En aquella época, Dios no estaba «muerto», según las palabras blasfemas de


Nietzsche: era admirablemente vivo.
De allí partía todo. En el terreno de la moral, un hombre como san Bernardo
podía invocar los principios del Evangelio en contra de los errores o crímenes, porque
todos creían en aquellos principios y sabían que éstos dominaban sus vidas. Nadie
ignoraba que, incluso si los transgredía, los mandamientos de Dios eran el alfa y la
omega de todas las cosas, y que, según ellos, se pesaría un día en las balanzas de la
Eternidad. Una cosa es dejarse llevar por la violencia, codicia o libertinaje porque se
es un pobre hombre y se cede a su inclinación, y otra es negarse a aceptar que existe
una ley superior y una autoridad sobrenatural para hacerla cumplir. Porque sus
contemporáneos creían, el monje blanco podía atreverse a reprenderlos y llevarlos de
nuevo por el buen camino. No carece de significado.
En el terreno político, ocurría lo mismo. Hemos visto a san Bernardo actuar en
una Europa sacudida por violentas disputas, dividida por intereses y pasiones.
Pero entre la de su tiempo y la nuestra existe una diferencia considerable. No había
por entonces estas rivalidades inexplicables entre naciones, estos odios encasillados y
supercomprometidos dentro de las fronteras, que amenazan hacer estallar el mundo y
hundir todas las naciones en el abismo.

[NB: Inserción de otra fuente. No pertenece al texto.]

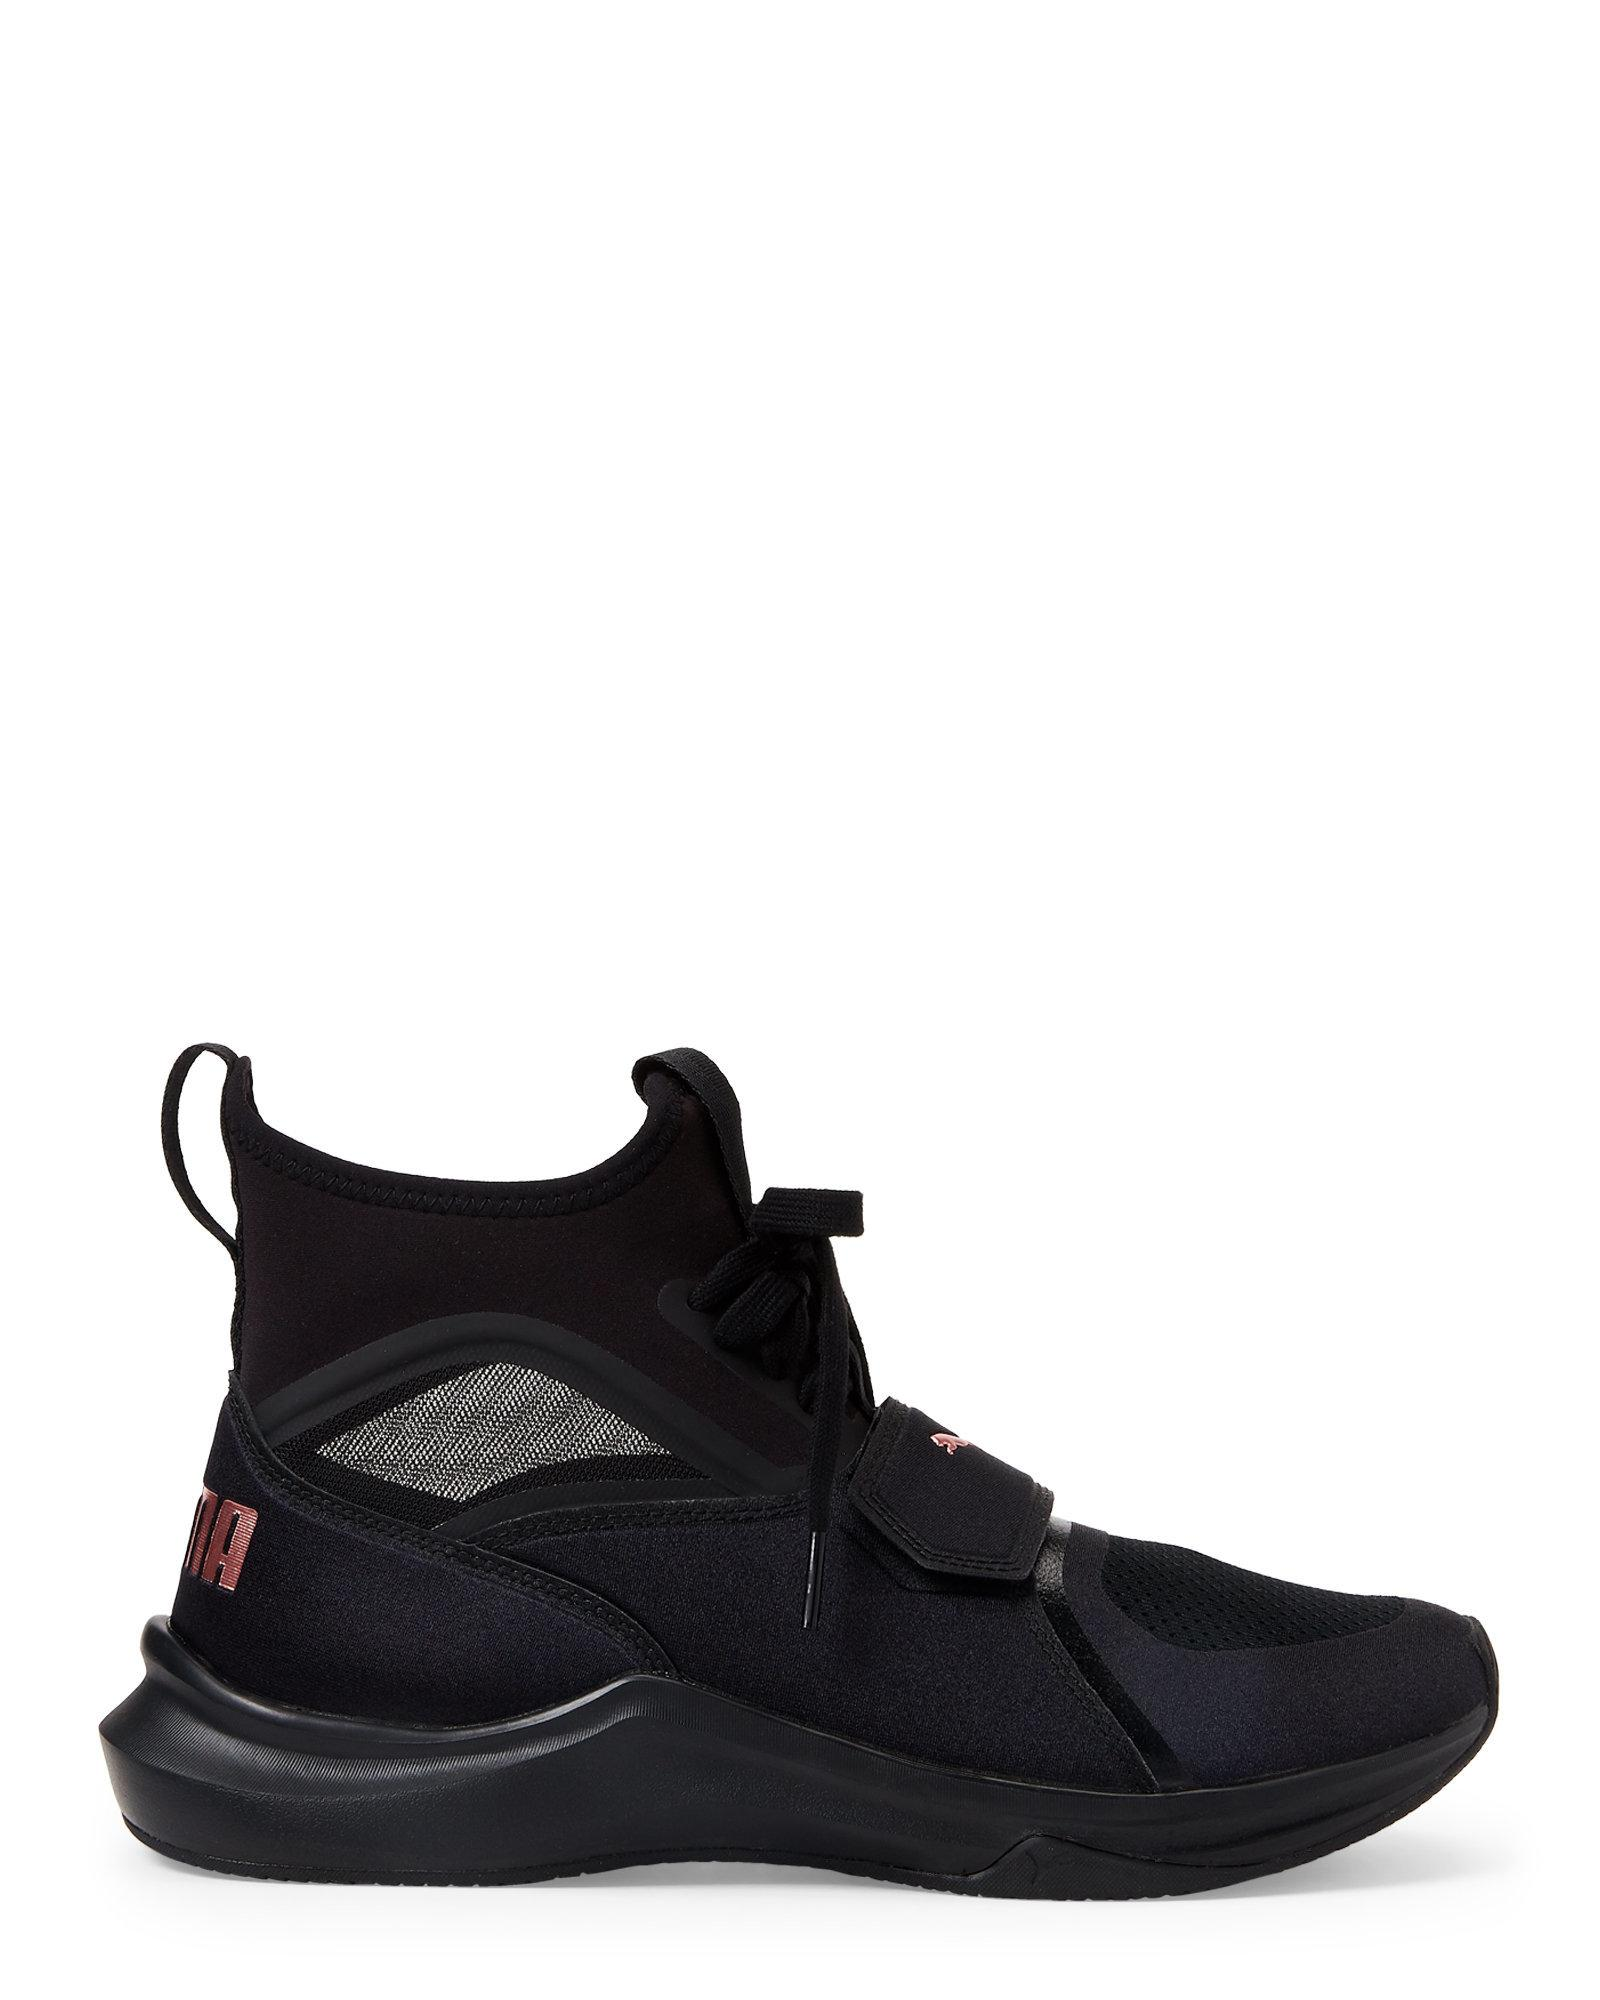 4fd46be927e7 PUMA Black   Rose Gold Phenom Training Sneakers in Black for Men - Lyst

No existía lo que el mundo moderno llama
«nacionalismo», que no debía empezar hasta principios del siglo XIV. Podían
producirse guerras entre tal y cual soberano, pero no se traducían en dramáticos
desafíos en los cuales cada una de las naciones en guerra sabe que se juega su destino.
Incluso en plena guerra, un gobierno hubiera juzgado absurdo e ilegítimo arrestar en
su territorio a los fugitivos enemigos y más aún prohibir a los comerciantes que
continuasen sus negocios, con el fin de impedir el comercio con los enemigos. Tampoco
existía ese lujo ridículo y vano de los pasaportes, visados, autorizaciones de moneda
que constituyen el atractivo de los viajes en el siglo xx; un peregrino iba de París a
Roma, de Chartres a Santiago de Compostela sin otro documento que su voto de
peregrino...

Sí, en los siglos XII y XIII existía verdaderamente Europa, y en aquella Europa actuó
San Bernardo. Existía un sentido de fraternidad humana, de solidaridad de espíritus y
almas, del que casi hemos perdido el recuerdo. Este internacionalismo era visible en
todos los campos. Abundan los testimonios. Por ejemplo, en los nombramientos
eclesiásticos, en que se había visto a un bienaventurado Lanfranc, piamontés, luego a
un san Anselmo, valdotano, llegar a ser, uno después del otro, abad de Bec Hellouin
en Normandía, luego arzobispo de Canterbury en Inglaterra, en sentido contrario se
vería a Juan de Salisbury, inglés, llegar a ser obispo de Chantres. En el terreno
intelectual, sucedía lo mismo. En las grandes escuelas, más tarde en las
Universidades, maestros de todas nacionalidades eran requeridos para enseñar a
alumnos llegados de todos los países: en París, por ejemplo, se veía en las cátedras a
un san Alberto Magno, alemán, a un santo Tomás de Aquino y a un san
Buenaventura, italianos, a un Sigiero de Brabante, belga, y muchos otros. Todos los
espíritus superiores de Europa no necesitaban para entenderse este sistema de
cascos de escucha ni de traducciones simultáneas que, en nuestras O.N.U.,
U.N.E.S.C.O, y otros organismos internacionales, evidencian el babelismo de
nuestra época, ya que todos hablaban una lengua internacional: el latín.
Existía una Europa que poseía un espíritu común, un alma común, que
emprendía comúnmente, bajo el impulso de su jefe espiritual, el Papa, aquellas
grandes operaciones que se llamaban Cruzada a Tierra Santa o Reconquista de
España. Una Europa lo mejor de la cual se expresaba en una forma de arte múltiple
y variada como sus miembros, pero única en su principio: la catedral. Aquella
Europa tenía un nombre: Cristiandad.
Es la última palabra que se ha de decir. San Bernardo, porque era un santo,
pudo actuar en su época en la forma vista. Si pudo hacer oír su voz por encima del
clamor de los odios y de los intereses opuestos, es sencillamente porque aparecía,
a los ojos de sus contemporáneos, como el vivo heraldo de la cristiandad, la
encarnación de su conciencia colectiva.

Extracto tomado de Daniel Rops, Saint Bernard, quand un saint arbitrait l´Europe.
Traducción española: San Bernardo, Aymá, Barcelona, 1957 (trad. de Montserrat
Roca).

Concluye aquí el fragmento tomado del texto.